Overcoming Eating Disorder in Female Athletes. Even though many female athletes engage in eating disorders as a matter of attaining the desired goal, the consequences are more negative than positive. From this argument therefore, there is a great need that necessary measures are taken to overcome, manage and treat this problem. In this process, Powers and Johnson argue that a number of factors need to be considered. First of all, the female athletes must be keen to identify the signs of eating disorders. These include preoccupation with food and weight, frequent drinking of diet water, compulsive and excessive exercises, habitual solitary eating as well as use of laxatives (Powers & Johnson, 2007).
The next procedure involves identifying the specific type of eating disorder. This will then propel the initiative to seek for relevant intervention programs. This process may require a positive initiative of the athlete herself as well as an encouragement by the coaches (Powers & Johnson, 2007). In more severe cases, Gresz and Lavine (2012) suggest that medical attention is necessary in addition to change of eating habits. In such cases, decisions and recommendations of medical officers regarding the need to temporarily withhold further exercise and competition need to be followed (Gresz & Lavine, 2012).
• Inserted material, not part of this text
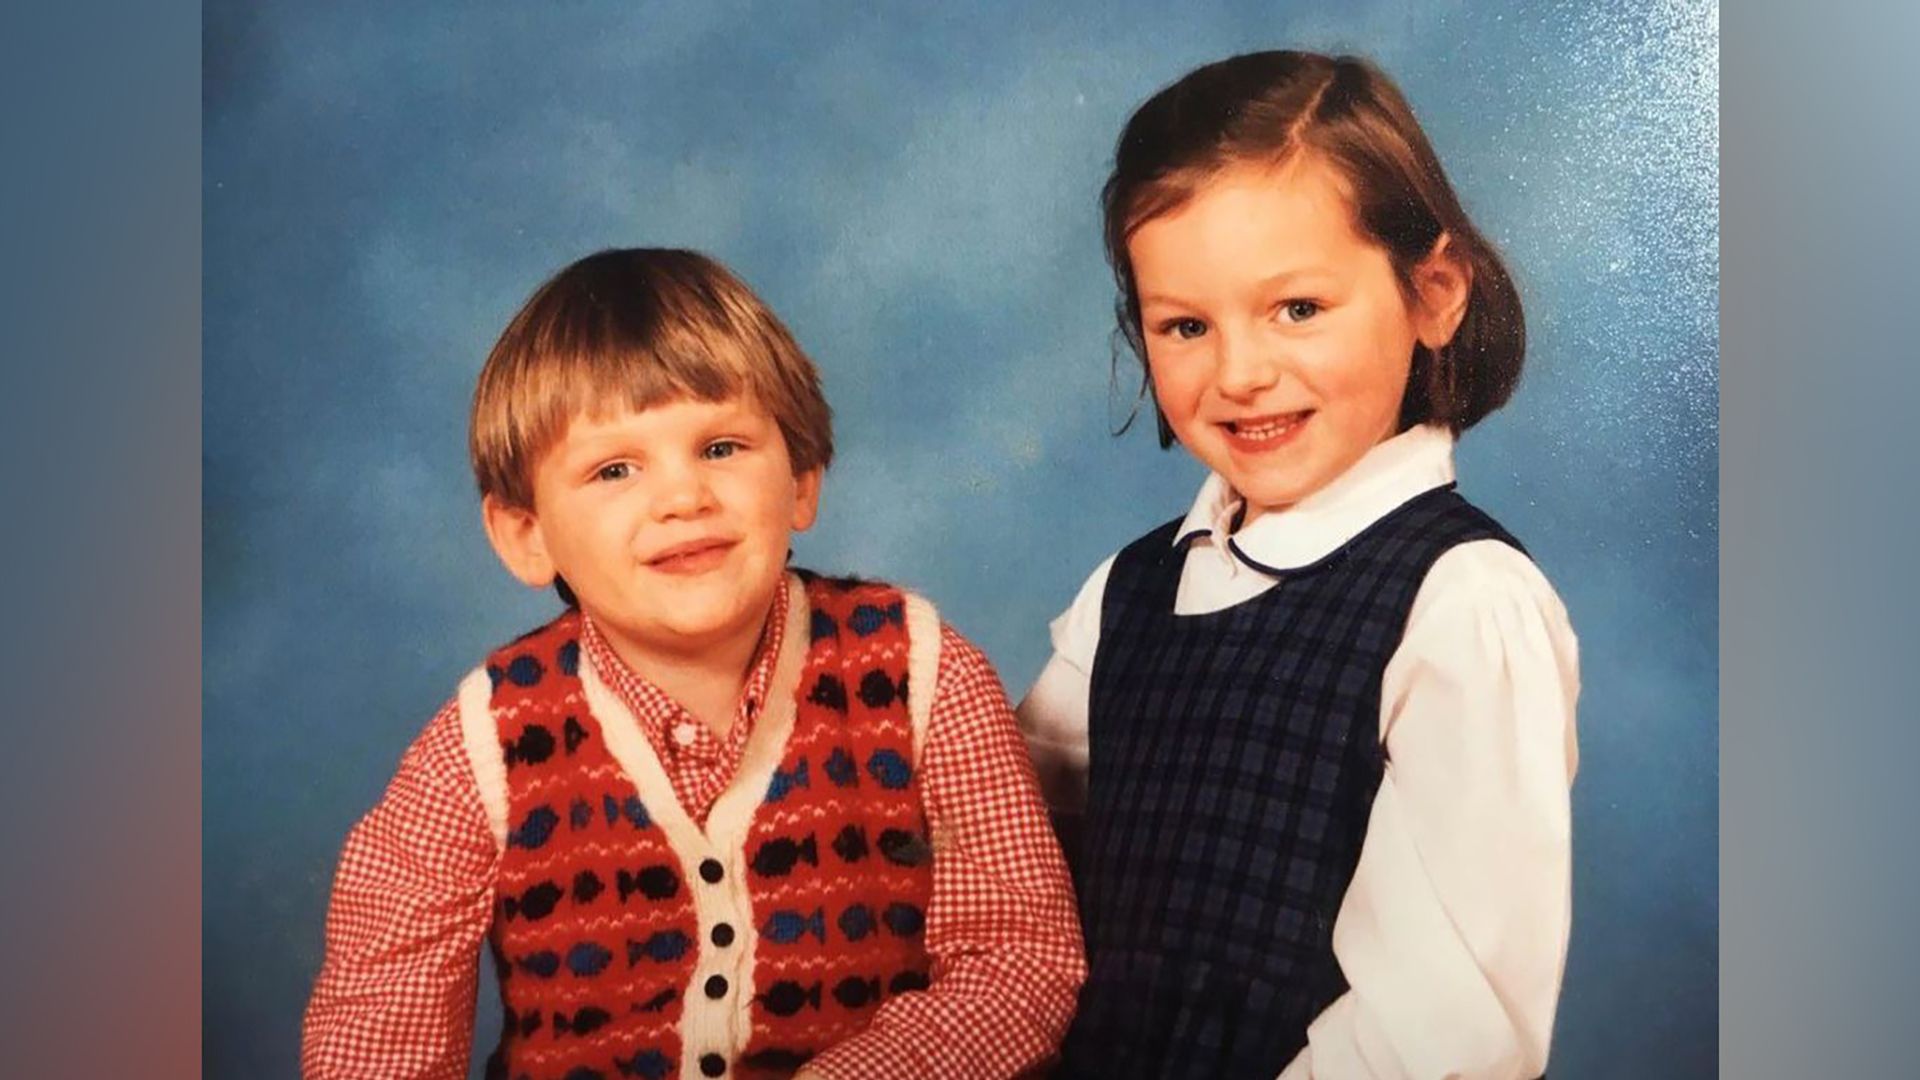 Emma Corrin with her younger brother as a child

In summary, the issue of eating disorders is more common among female athletes as compared to their male counterparts. Despite the fact that they associate this to success in sports, there are studies indicating that such eating disorders expose female athletes to both internal and external challenges. Therefore, there is a need to manage and address the problem both psychologically and physiologically through medical, social and psychological interventions.